A.S. Venkatachalamoorthy, J.@mdashDefendants 1 to 3 in O.S. No. 103 of 1980 on the file of the Subordinate Judge, Tirupathur, are the
appellants herein.
2. The first respondent as plaintiff filed the said suit, praying the Court to pass a decree,
(a) directing partition of plaint ''A'' Schedule properties into 12 equal shares with reference to good and bad soil and put the plaintiff in separate
possession of one such share;
(b) directing partition of plaint ''B'' and ''C'' schedule properties into 4 equal shares and put the plaintiff in separate possession of one such share,
and for other reliefs.
3. Briefly it is the case of the plaintiff that her father Soundararajan died intestate leaving his wife viz., the mother of the plaintiff, plaintiff and
defendants 2 to 3, his sons as legal heirs. Out of the properties left by him, ''A'' schedule are the ancestral immovable properties; ''B'' schedule are
his self-acquired immovable properties and ''C'' schedule are his movable self-acquired properties. According to her, all the properties are in
management of defendants-1 to 3 and they are liable to render accounts of the income derived from the said properties. The plaintiff claims to be in
joint possession of the properties along with defendants-1 to 3 as co-owner and hence, she is entitled for partition and separate possession of her
share ie., 1/4th share in the self-acquired properties described in B and C schedules and 1/12th share in ancestral properties viz., ''A'' schedule.

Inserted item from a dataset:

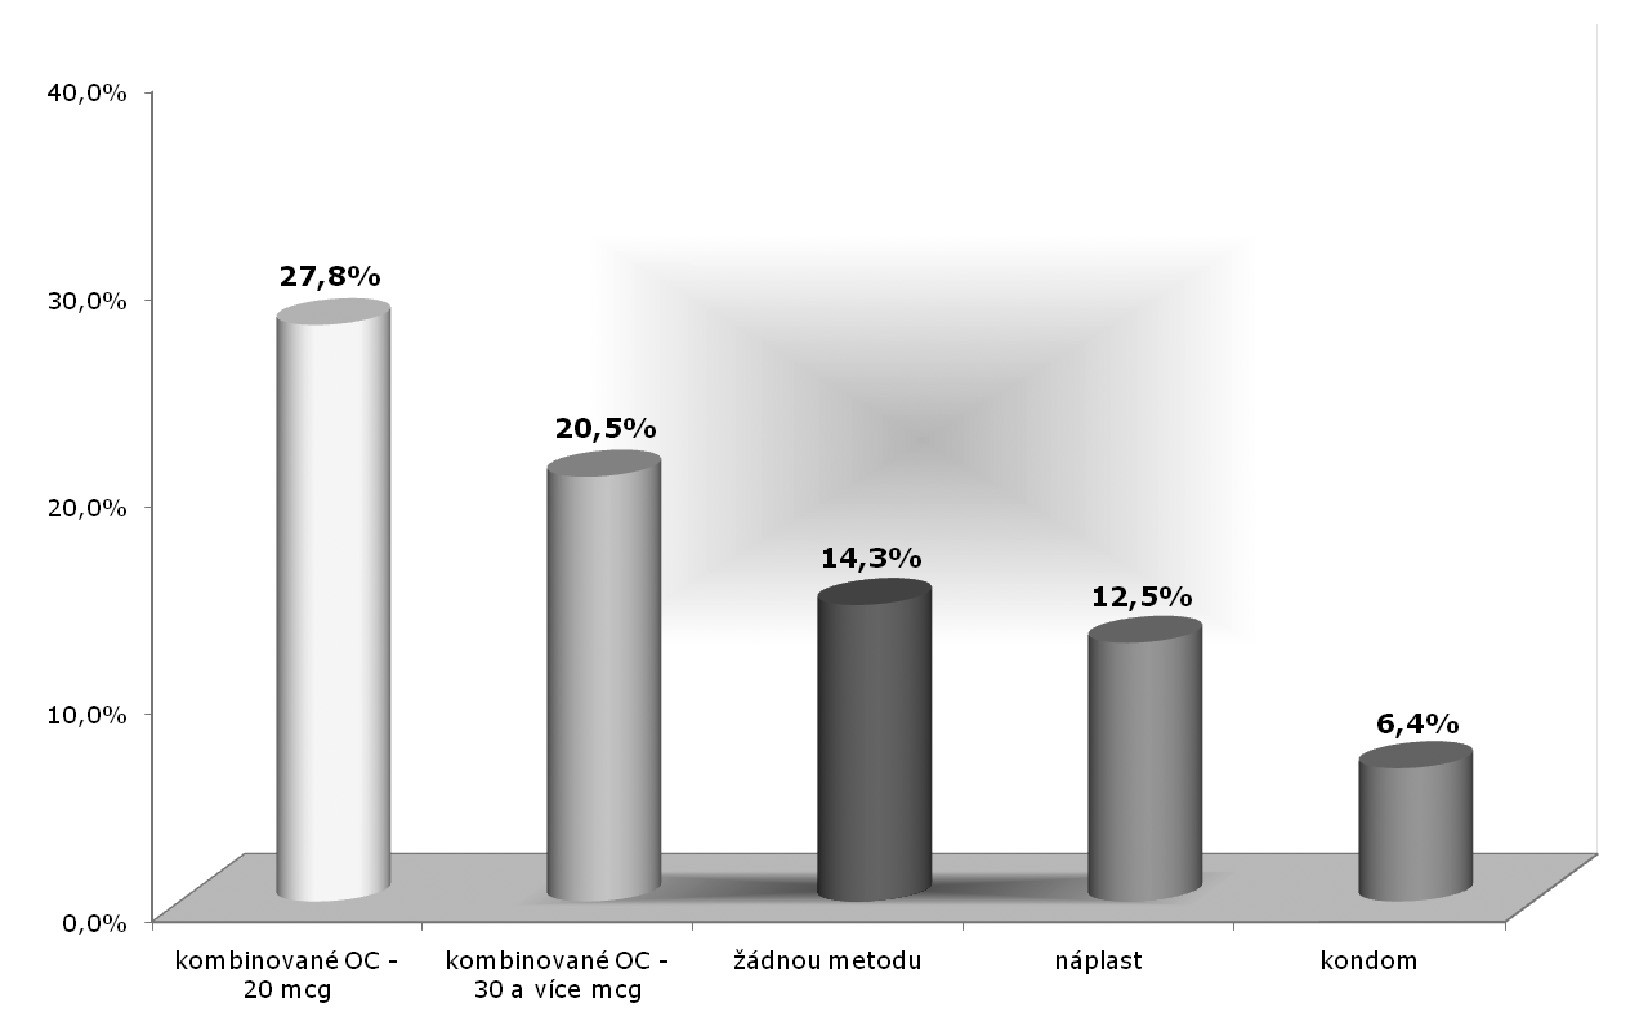 Užívání antikoncepce před vstupem do studie (% uživatelek)

It is the case of the plaintiff that her request to divide the properties has not yielded any result and that in fact, she was forced to issue a lawyer''s
notice on 1.8.1979, calling upon defendants-1 to 3 to have partition effected. But however, the defendants sent a reply dated 29.08.1979,
containing several allegations which are not true. The plaintiff sent a rejoinder notice dated 26.11.1979 to the counsel for defendants-1 to 3.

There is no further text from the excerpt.